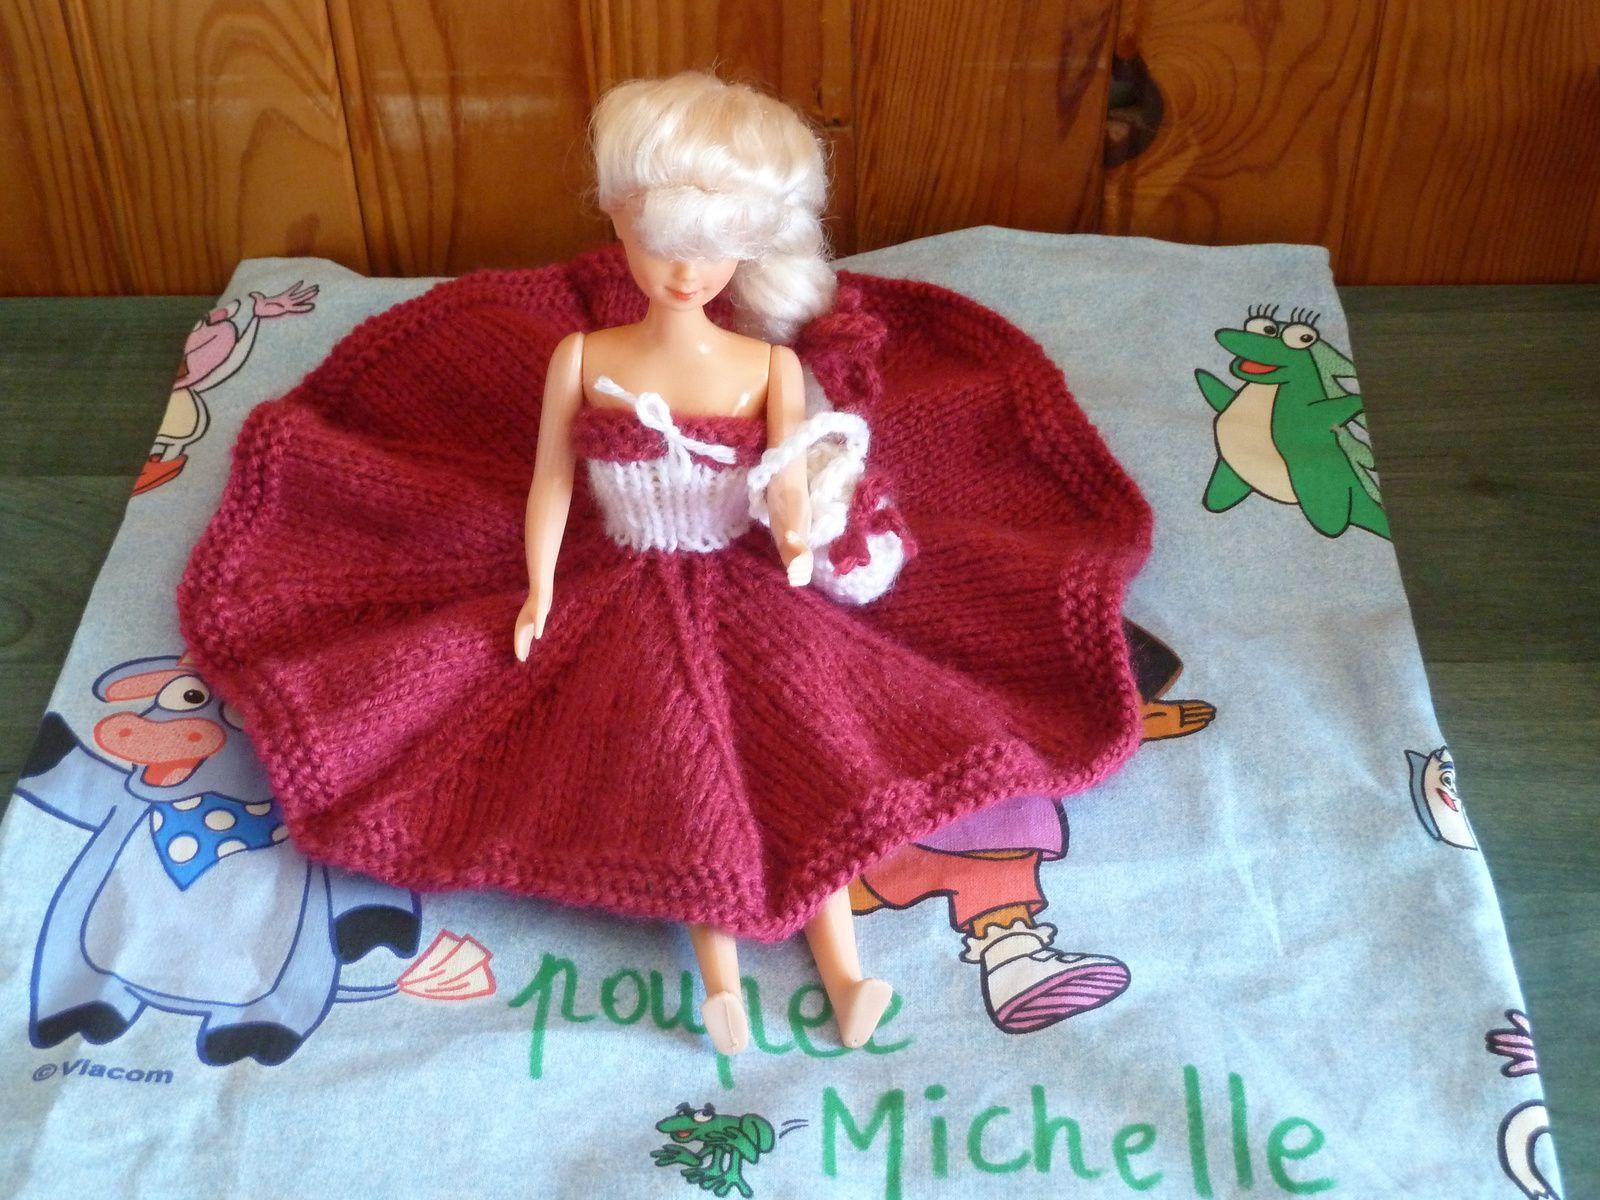 N°324 Le sac de la poupée Michelle : préparation
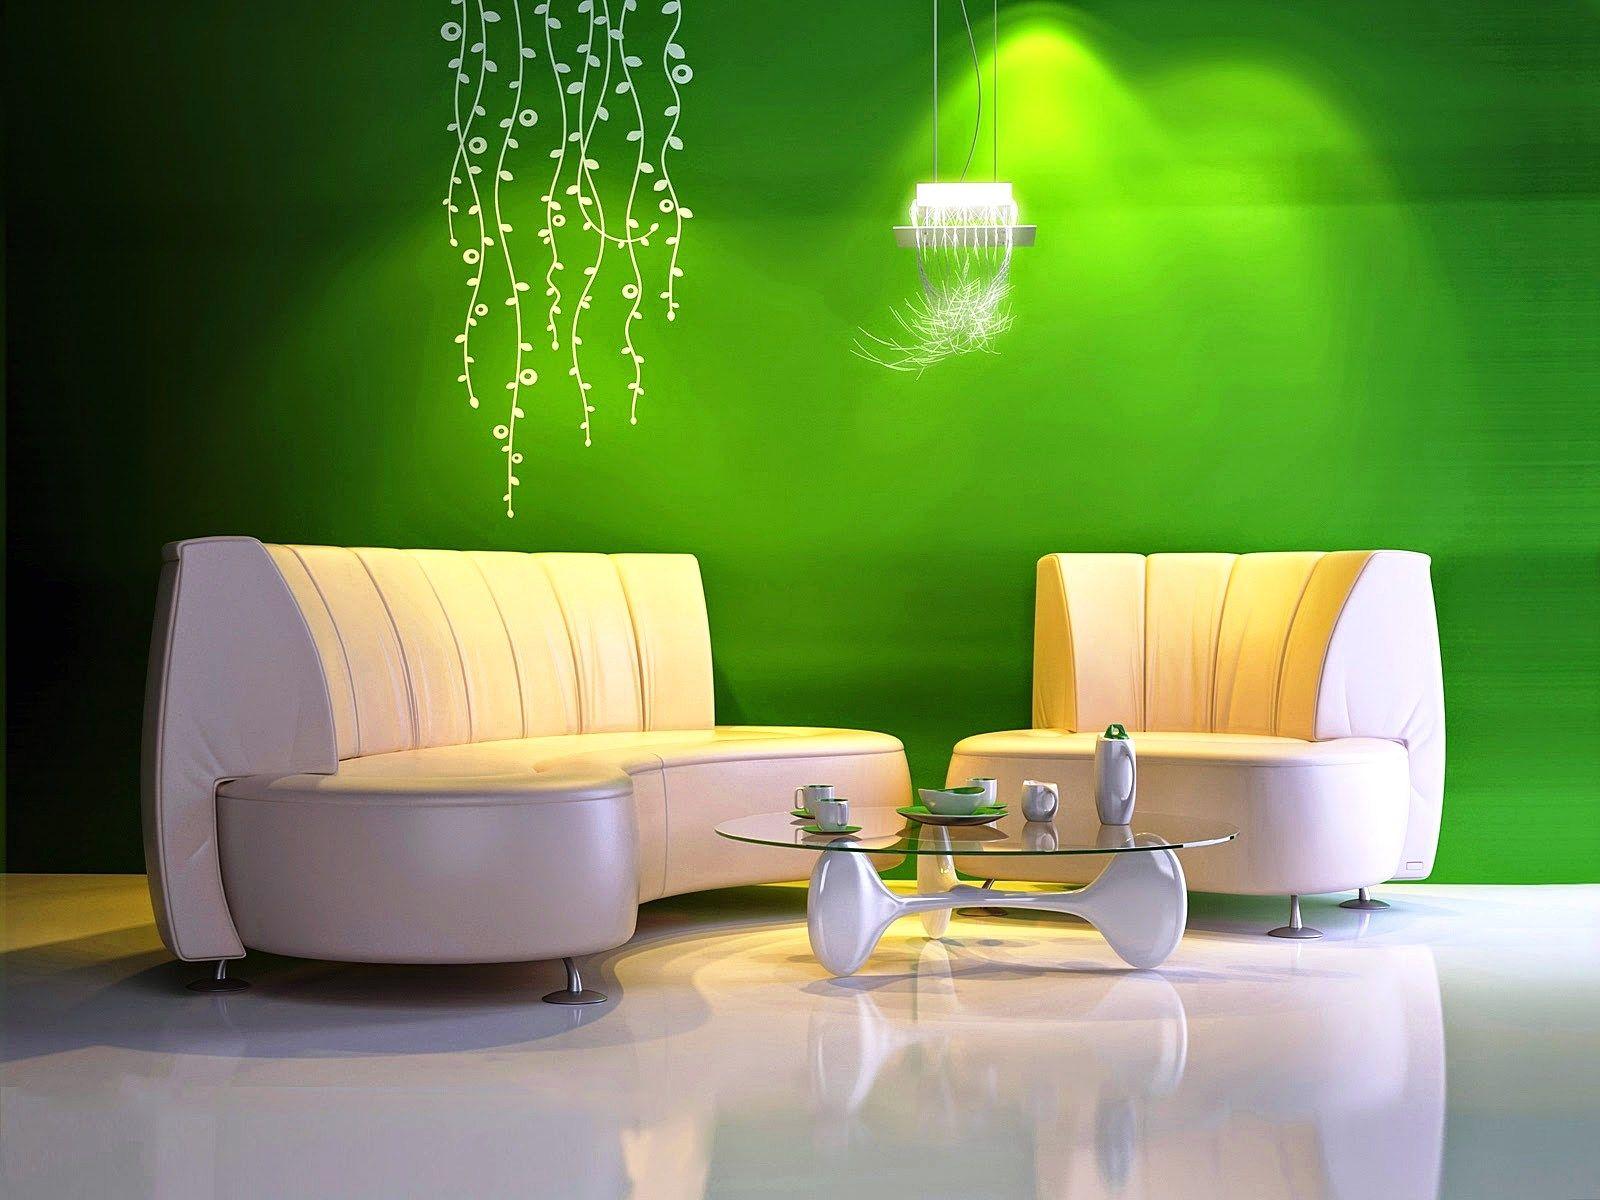 Warna Cat Ruang Tamu Kecil Hijau Ruang Tamu Minimalis Pinterest
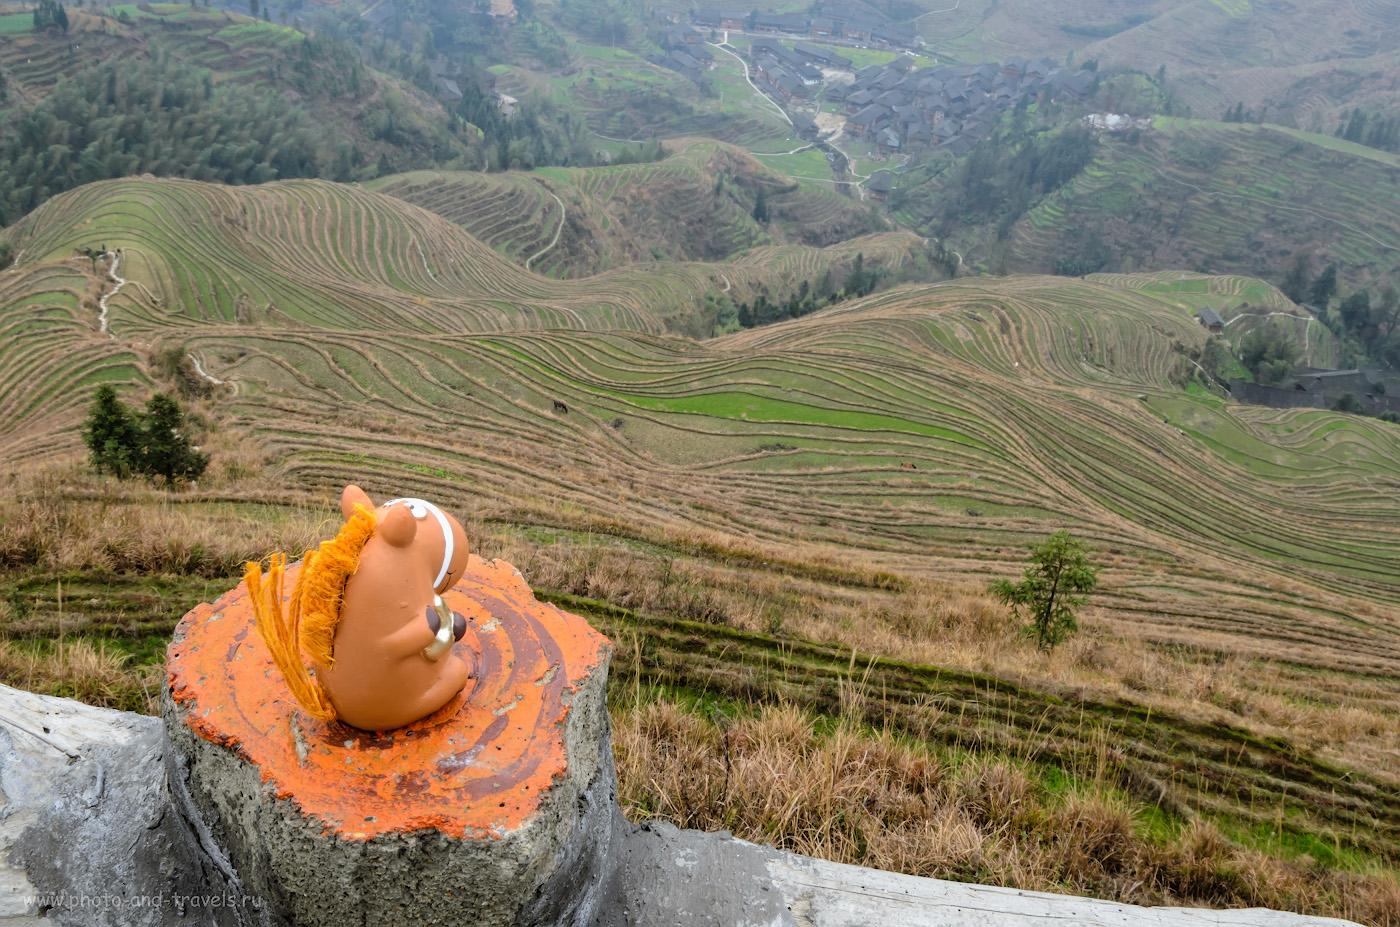 37. Коник Борька любуется рисовыми террасами Хребет Дракона на Юго-Востоке Китая. Снято на Nikon D5100 + Nikon 17-55mm f/2.8G. Параметры: 0.4, f/22, 100, 23.

### ASSIGNMENT
Repeat the data in full, exactly as it stands, but drop every picture.

### RESPONSE
 N°324 Le sac de la poupée Michelle : préparation
 Warna Cat Ruang Tamu Kecil Hijau Ruang Tamu Minimalis Pinterest
 37. Коник Борька любуется рисовыми террасами Хребет Дракона на Юго-Востоке Китая. Снято на Nikon D5100 + Nikon 17-55mm f/2.8G. Параметры: 0.4, f/22, 100, 23.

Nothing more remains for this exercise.